Integrated transcript-specific SNV annotation

WGSA also provides integrated transcript-specific SNV annotation from ANNOVAR, SnpEff and VEP × Ensembl and RefSeq. The resources are provided as both an AWS AMI and a downloadable version.

Use downloadable version

· The link to the downloadable version can be found at https://sites.google.com/site/jpopgen/wgsa.

· The setup is similar as described in Setting up WGSA on a local Linux machine.

· Download the directory “resources2” and its contents (keeping its structure) to a folder, such as “/WGSA”. Download the Java class “search_integrated_output5.class” to the same folder.

· Upload your standard variant input file, such as the “.snp” file outputted by WGSA during the PROCEDURE in Using WGSA via Amazon Web Service (AWS). If it is compressed, decompress it.

· Run the Java class as “java search_integrated_output5 [input_file] [searchEnsembl(true or false)] [searchRefseq(true or false)] <sourcedir>”. The first argument is the name of SNV standard variant file. The second argument is either true or false for searching the integrated annotation with Ensembl. The third argument is either true or false for searching the integrated annotation with Refseq. The forth argument is optional: if the path to the resources2 directory is “/WGSA/resources2”, it can be omitted; otherwise, provide the path to the resources2 directory. For large variant files, specify a large enough memory for the usage of Java by using “-Xmx”. The following is an example:

o java –Xmx29g input.snp true true /WGSA/resources2

· If “searchEnsembl” is set “true”, an “.IntegratedEnsembl” file will be outputted.
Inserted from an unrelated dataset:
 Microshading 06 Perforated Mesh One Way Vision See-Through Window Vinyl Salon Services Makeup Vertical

The description of the columns of this file can be found at Column description ofEnsembl transcript-specific SNV annotation.

· If “searchRefseq” is set “true”, an “.IntegratedRefseq” file will be outputted. The description of the columns of this file can be found at Column description of RefSeqtranscript-specific SNV annotation.
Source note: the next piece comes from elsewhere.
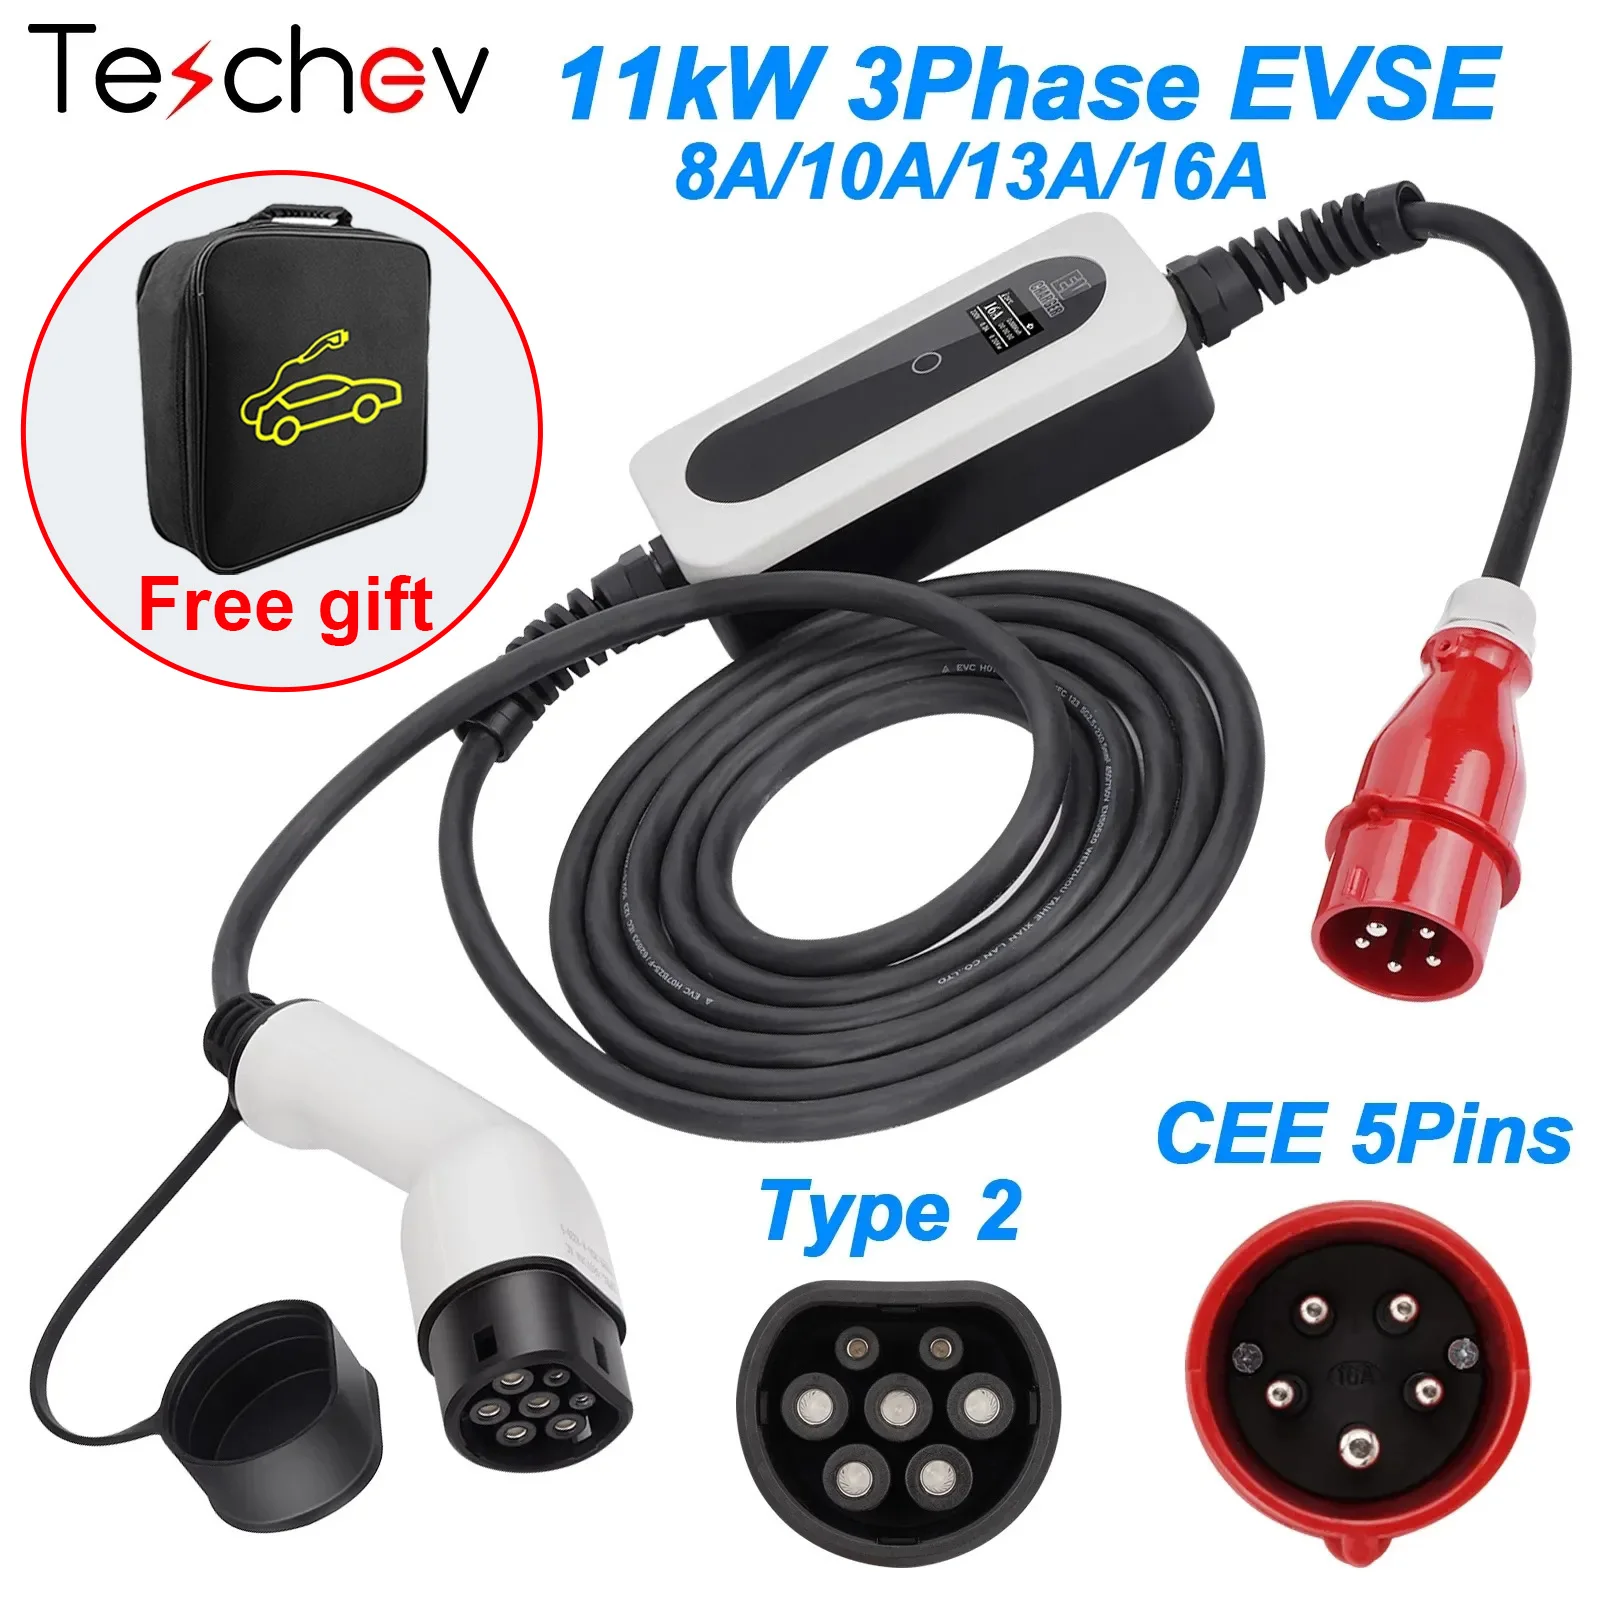 

Teschev 11kw Ev Charger Type2 3 Phase 16A IEC 62196 CEE Red Plug Portable Charger Fast Charging EVSE Electric Vehicles Cable

· (Optional) Compress the output file (with gzip).

· Download the output files.

Use AWS AMI

· The setup is similar as described in Using WGSA via Amazon Web Service (AWS)

· Launch an instance from an AMI of WGSA resources2. A list of available AMI can be found at https://sites.google.com/site/jpopgen/wgsa.

· Upload your standard variant input file, such as the “.snp” file outputted by WGSA during the PROCEDURE in Using WGSA via Amazon Web Service (AWS). We recommend compressing the input file before uploading and decompressing it after uploading (with gzip).

· Run the Java class as “java search_integrated_output5 [input_file] [searchEnsembl(true or false)] [searchRefseq(true or false)]”. The first argument is the name of SNV standard variant file. The second argument is either true or false for searching the integrated annotation with Ensembl. The third argument is either true or false for searching the integrated annotation with Refseq. For large variant files, specify a large enough memory for the usage of Java by using “-Xmx”. The following is an example:

o java –Xmx29g input.snp true true

· If “searchEnsembl” is set “true”, an “.IntegratedEnsembl” file will be outputted. The description of the columns of this file can be found at Columndescription of Ensembl transcript-specific SNV annotation.

· If “searchRefseq” is set “true”, an “.IntegratedRefseq” file will be outputted. The description of the columns of this file can be found at Columndescription of RefSeq transcript-specific SNV annotation.